Thursday, September 20, 2012

The Neverending Fray: If wishes were fishes...

Groo the Wanderer #35
By Sergio Aragones, Mark Evanier, Stan Sakai (lettering), and Phil DeWalt (coloring)
Published by Epic Comics, 1988

This issue continues the trend of learning to work with supporting characters, increasing the scale to include just about every familiar face from the series to date. And this time around, Groo is the center of the action rather than a player on the sidelines, having acquired the ultra-powerful magic medallion from last issue and managing to inadvertently disrupt the lives of everyone he knows. It does end up being pretty repetitive, as he wishes various characters were nearby, then that they would leave, causing them to abruptly appear and disappear in various locations, usually with dire consequences.
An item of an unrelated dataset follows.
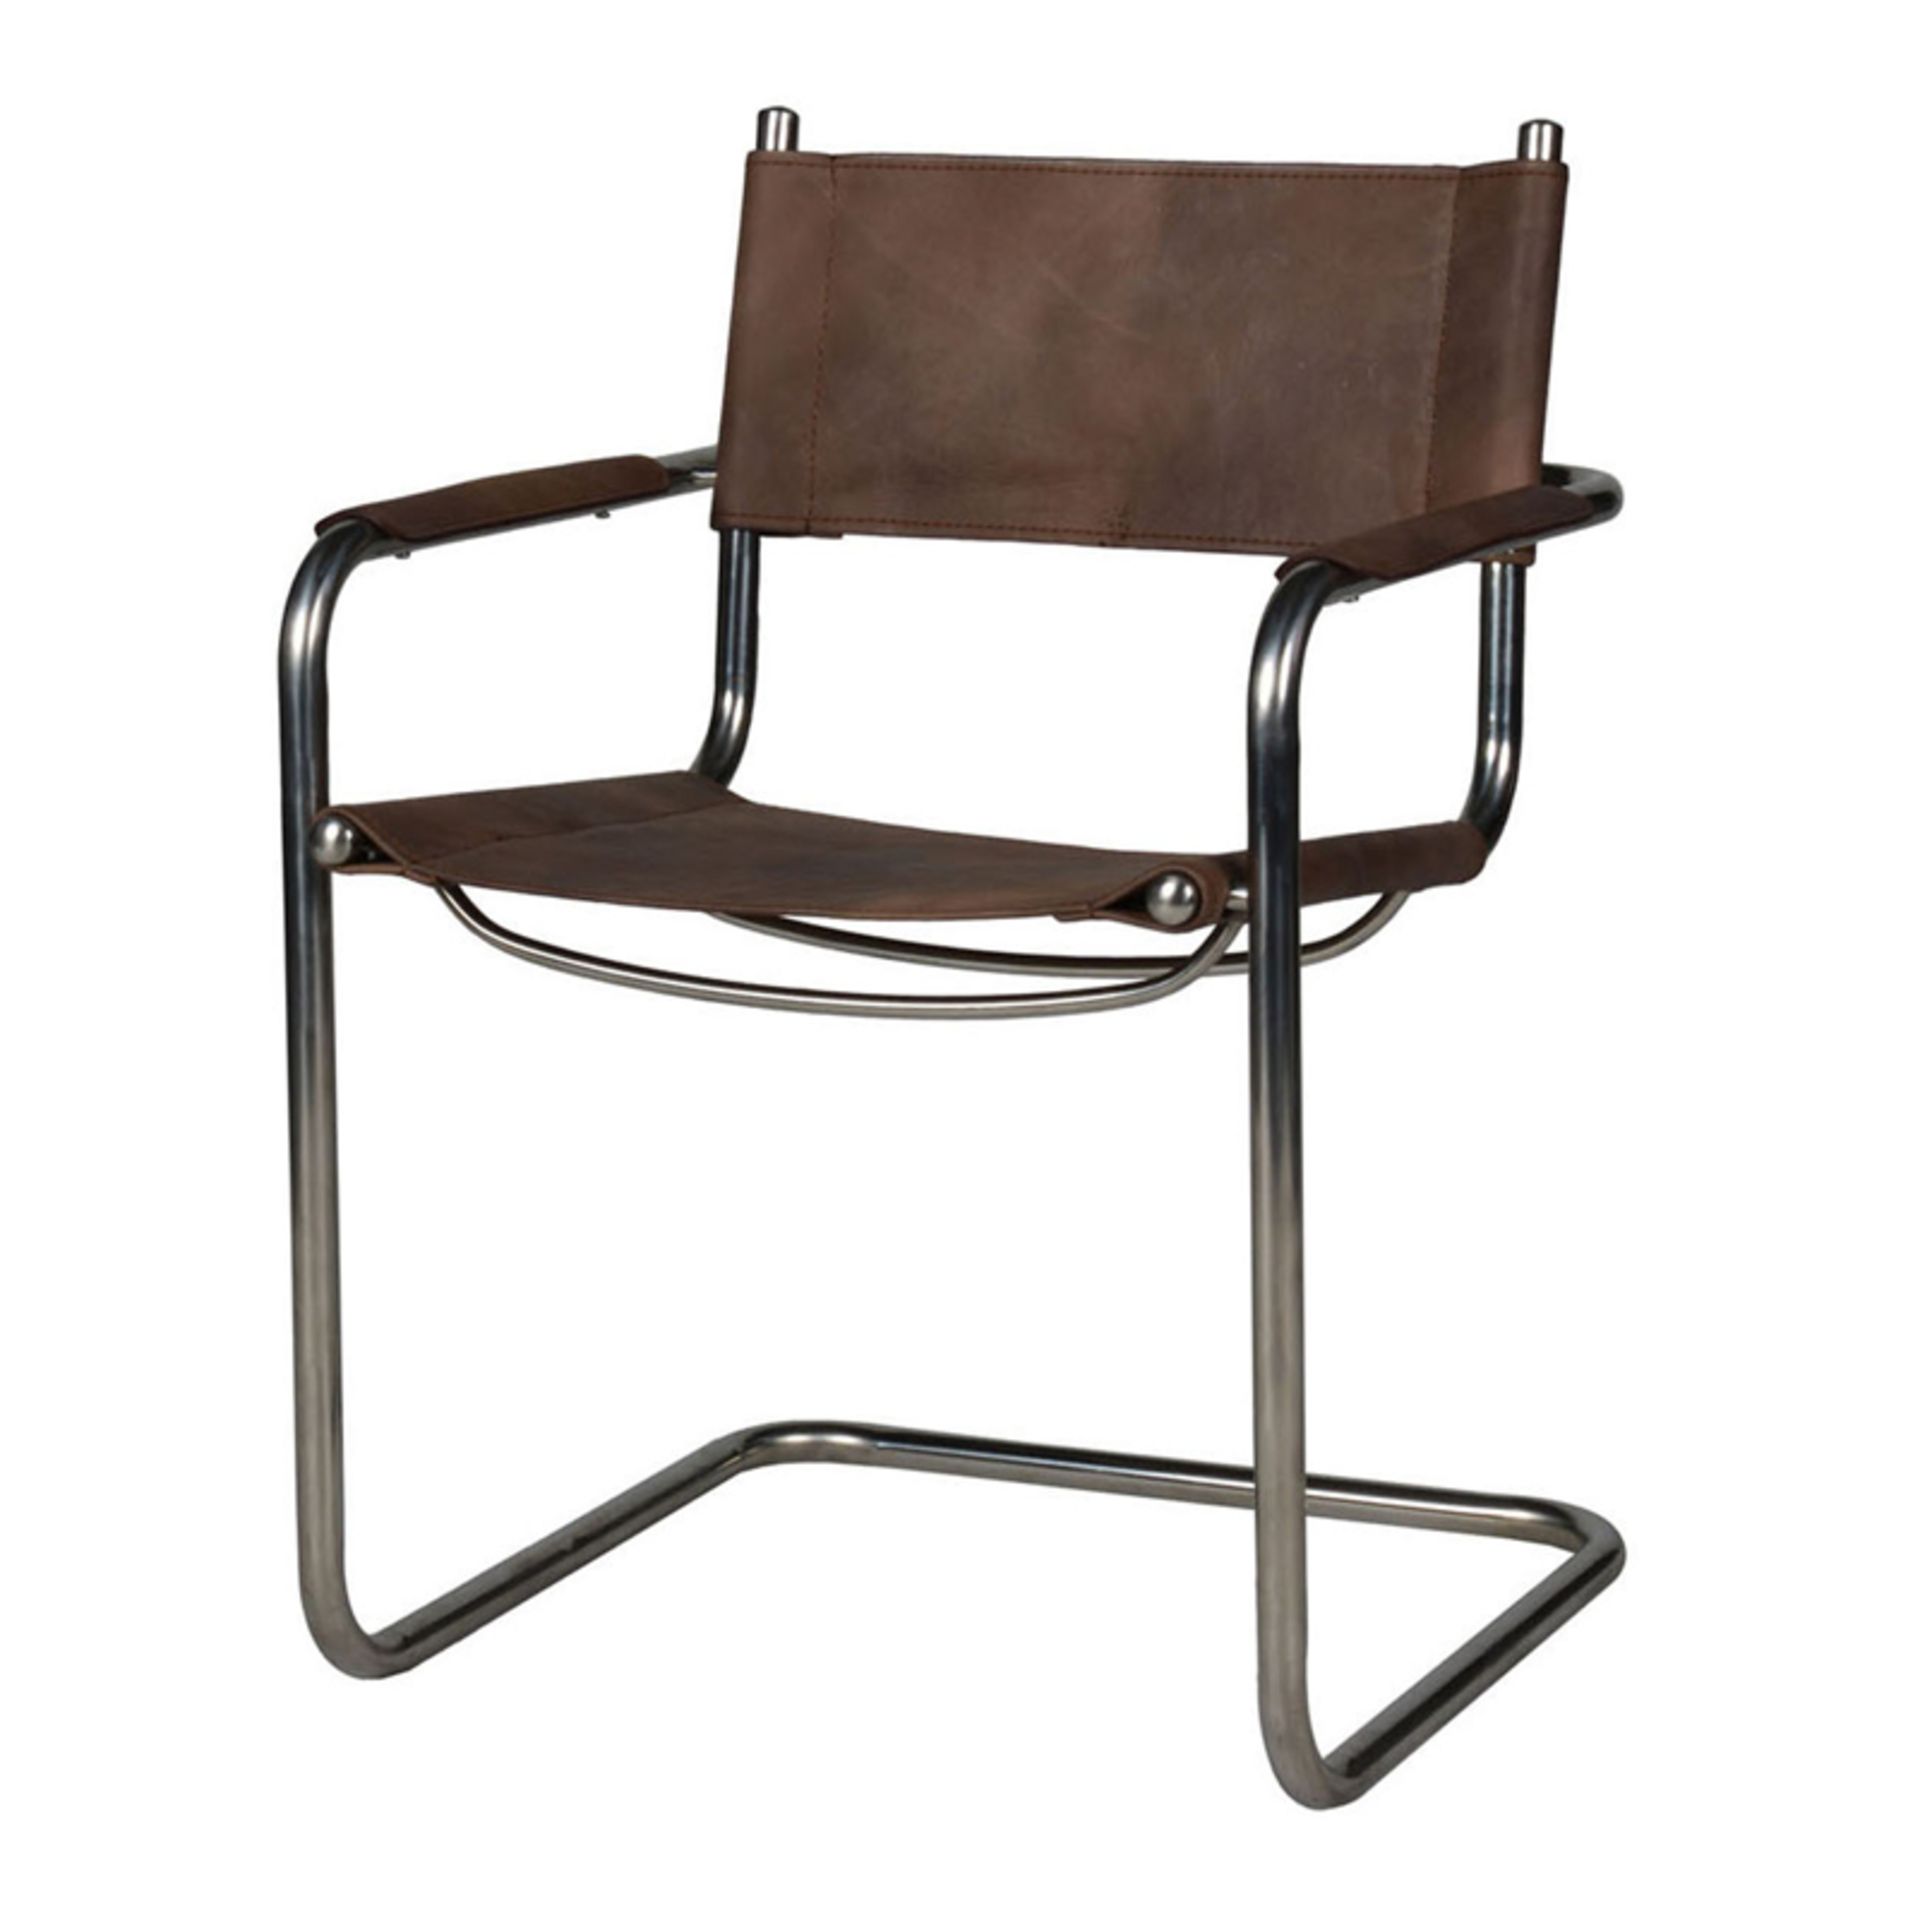 Hurlington Dining Chair Destroyed Raw Leather & Shiny Steel 60 x 58 x 82cm The Iconic Club Chair

The most effective of these is probably the Sage, who keeps getting banished by Groo to a snowy mountaintop, then returning nearly frozen stiff (the ice cubes in the flask on his staff are a nice touch), only to be sent back once again:

The entire issue is spent on variations on that gag, and they're not funny enough to really stand out from each other; if anything the other wish-based jokes are funnier, like when Groo wants something to eat:

Or when he finally manages to figure out what is going on:

It's also a shame that more isn't done with the situation left at the end of the last issue, in which the Sage was in control of the medallion. The Sage is a really interesting character, a counterpoint to Groo in that he also wanders and tries to help people, but does so by dispensing wisdom rather than attacking people. But he's far from infallible, and he's sometimes selfish or scheming, a departure the humble, selfless monk type that would usually fill this sort of role. So having him gain the power to put his wisdom into effect is a good opportunity to see whether that power will corrupt or his wisdom will prevail for the greater good. The issue initially starts off in this direction, as Sage imagines using the power of the medallion to become not just a rich king, but the ruler of the entire world. But before we can see any of this play out, Groo gets his hands on the medallion, and things go in a completely different direction. Maybe we'll finally get to see the results of a world shaped in Sage's image in some future issue, but not this time.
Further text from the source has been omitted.